馬車の馬は馬車を引くことが目的であり、人を乗せることは想定していない場合がある。
そのため、鞍を取り付けられている馬はそう珍しいことではない。
「くそっ! くそくそくそっ! 急いでいるのに! このオレをコケにしやがって! 」
持っていた手綱を乱暴に投げ放つと、彼は馬車の方に目を向ける。
すると、商人が何かしらの荷物を抱えて馬車から出てくる光景を目にした。
「何やってんだ! 荷物は減らすって言っただろ! 」
ローブの男性は再び炎魔法アサルトファイアを放った。
「ひっ! ひいいいい! 」
彼が放った炎は、商人が持っていた荷物に命中し燃え上がる。
商人は燃える荷物抱えることができず、それを地面へ放り投げてしまった。
「壺が! 高い金を払って買った幸運の壺があああ!! 」
商人の目の前で燃える荷物は、壺のようであった。
それが彼が所有する荷物の中で一番高価なもの。
分厚い布に包まれ、大事にされていたものだ。
燃え盛る馬車の中から必死に取り出したもので、なんとしてでも守り抜くべきものであった。

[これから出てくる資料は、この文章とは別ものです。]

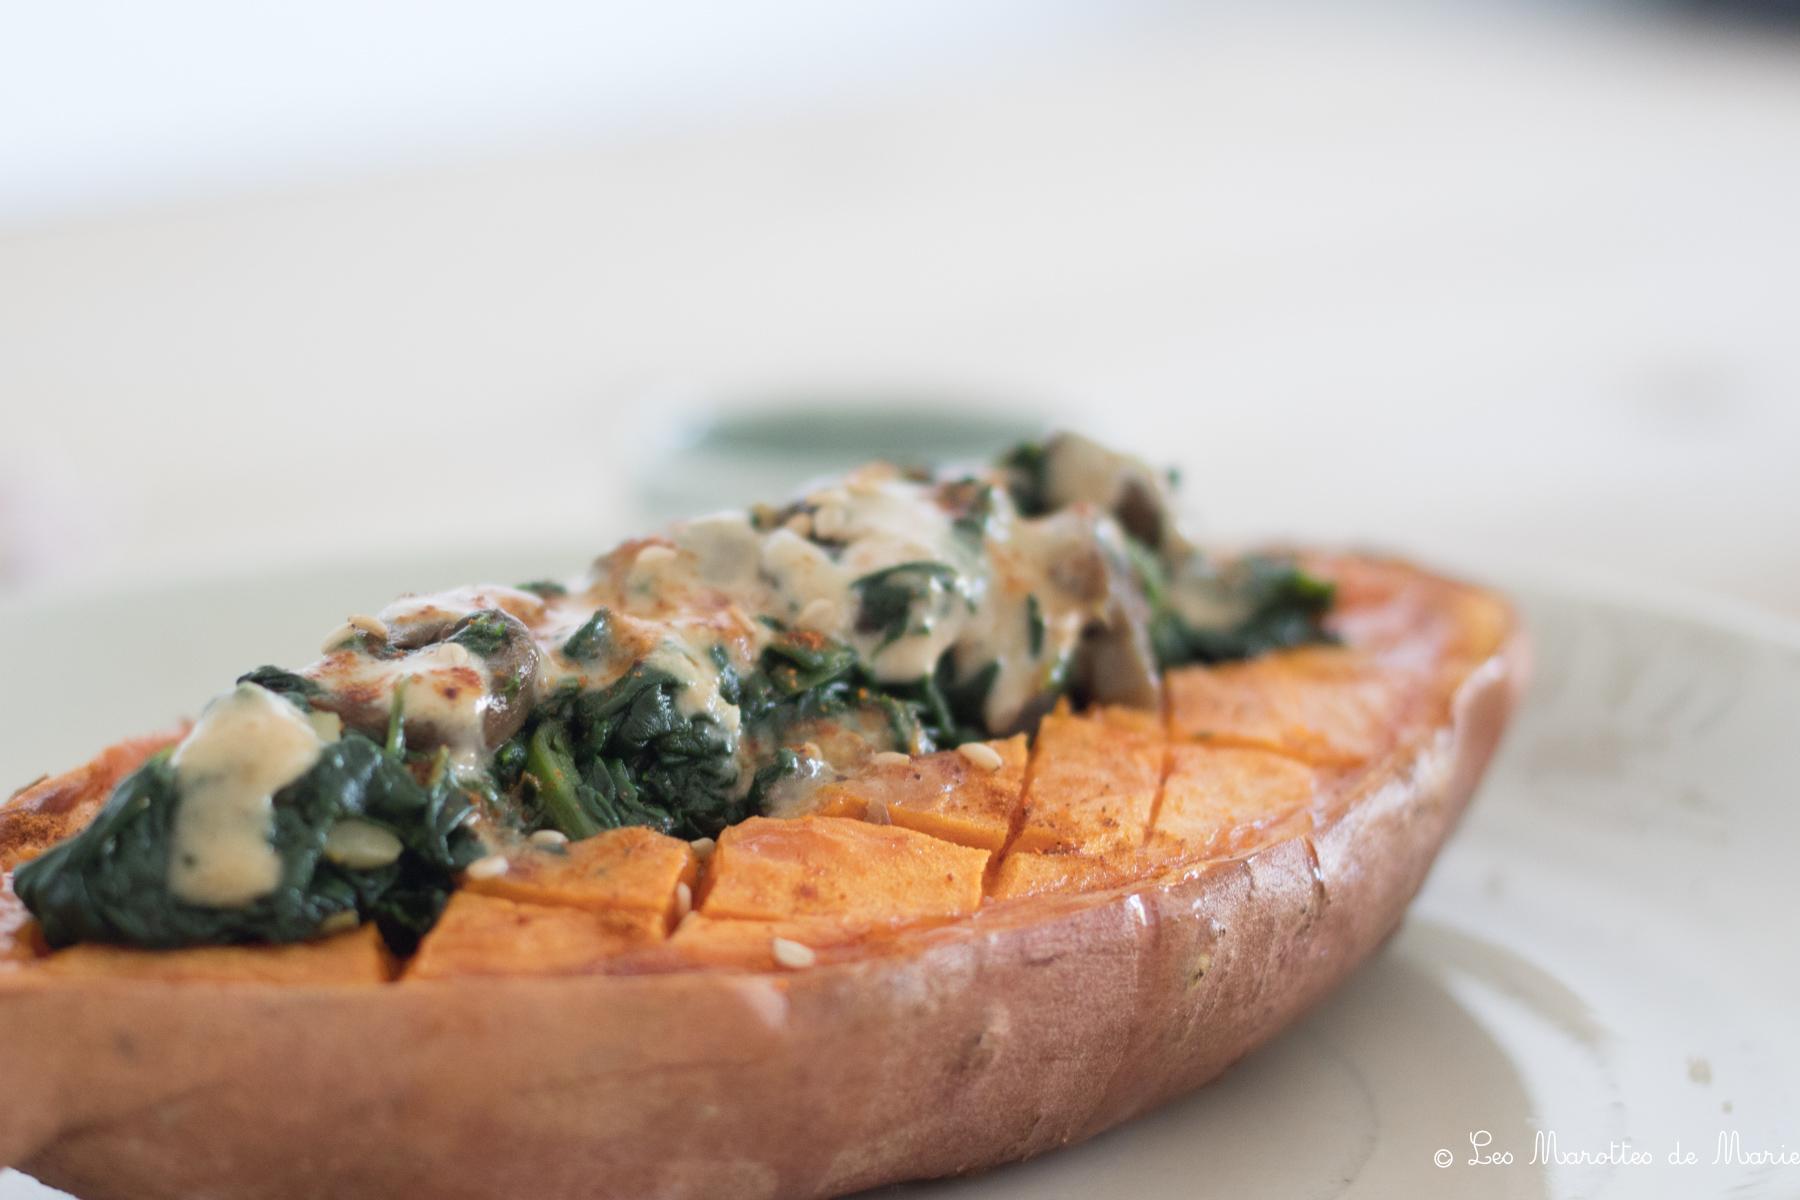 2020 04 12 patate douce farcie vegan Les marottes de marie-6

それが今、ローブの男性によって破壊されるのだから、商人は絶望していた。
「ふん! 俺の言うことを聞かないからだ」
そう言って、ローブの男性は商人の元を目指して歩き出す。
「さあ、直に全ての荷物が燃え尽きる。馬車の準備を……な、なにっ!? 」
しかし、彼は驚愕の声を上げて、商人の元へ行く前に足を止めた。
「な、なんと!? 」
商人も驚愕の声を上げる。
急に、燃えていた荷物が夜空へと飛び上がったのだ。
「爆発した? そんなバカな……壺が爆発するなんて…」
商人の目には荷物が爆発したかのように見えていた。
二人が見上げる荷物だが、今は炎に包まれてはいない。
勢いよく空に飛び上がった中で消え去ったのだ。
ローブの男性と商人が唖然とする中、荷物は地面へと落下する。
地面に突き刺さったかのように立ち、僅かに黒く焦げた布は未だに健在である。
この時、壺が割れるような音は発せられなかった。
「……くっ! アサルトファイア! 」
自分にとって、不可解であること。
それだけで、ローブの男性は再び荷物へ炎を放った。
炎が荷物に命中する直前、包んでいた布がくるくると回転しながら解かれる。
布は紐によって固定され、解かれないようにされていた。
その紐は炎によって焼け消え、布が解かれたのである。
「な、なにっ!? 」
ローブの男性がこの日一番の驚愕の声を上げる。
布は勢いよく振り回され、迫っていた炎を弾いたことに驚いたわけではない。
「女の子だとっ!? 」
布に包まれていたものが少女であったことに驚いていたのだ。
その少女の髪は水色で、長い髪は後ろで一つに束ねられている。
顔は作りものかと疑うほどに綺麗で、服装は水兵の服のような可愛らしいワンピース。
どこをどう見ても女の子であった。
「壺が……壺が女の子になっちゃった……」
商人も驚愕していた。
あまりにも衝撃的であったのか、彼は腰を抜かしていた。
「ふむ……」
少女はローブの男性と商人を交互に見る。
そして――
「オレは女の子ではない。男だ」
と、少女ではなく、彼――イアン・ソマフは無表情で言ったのだった。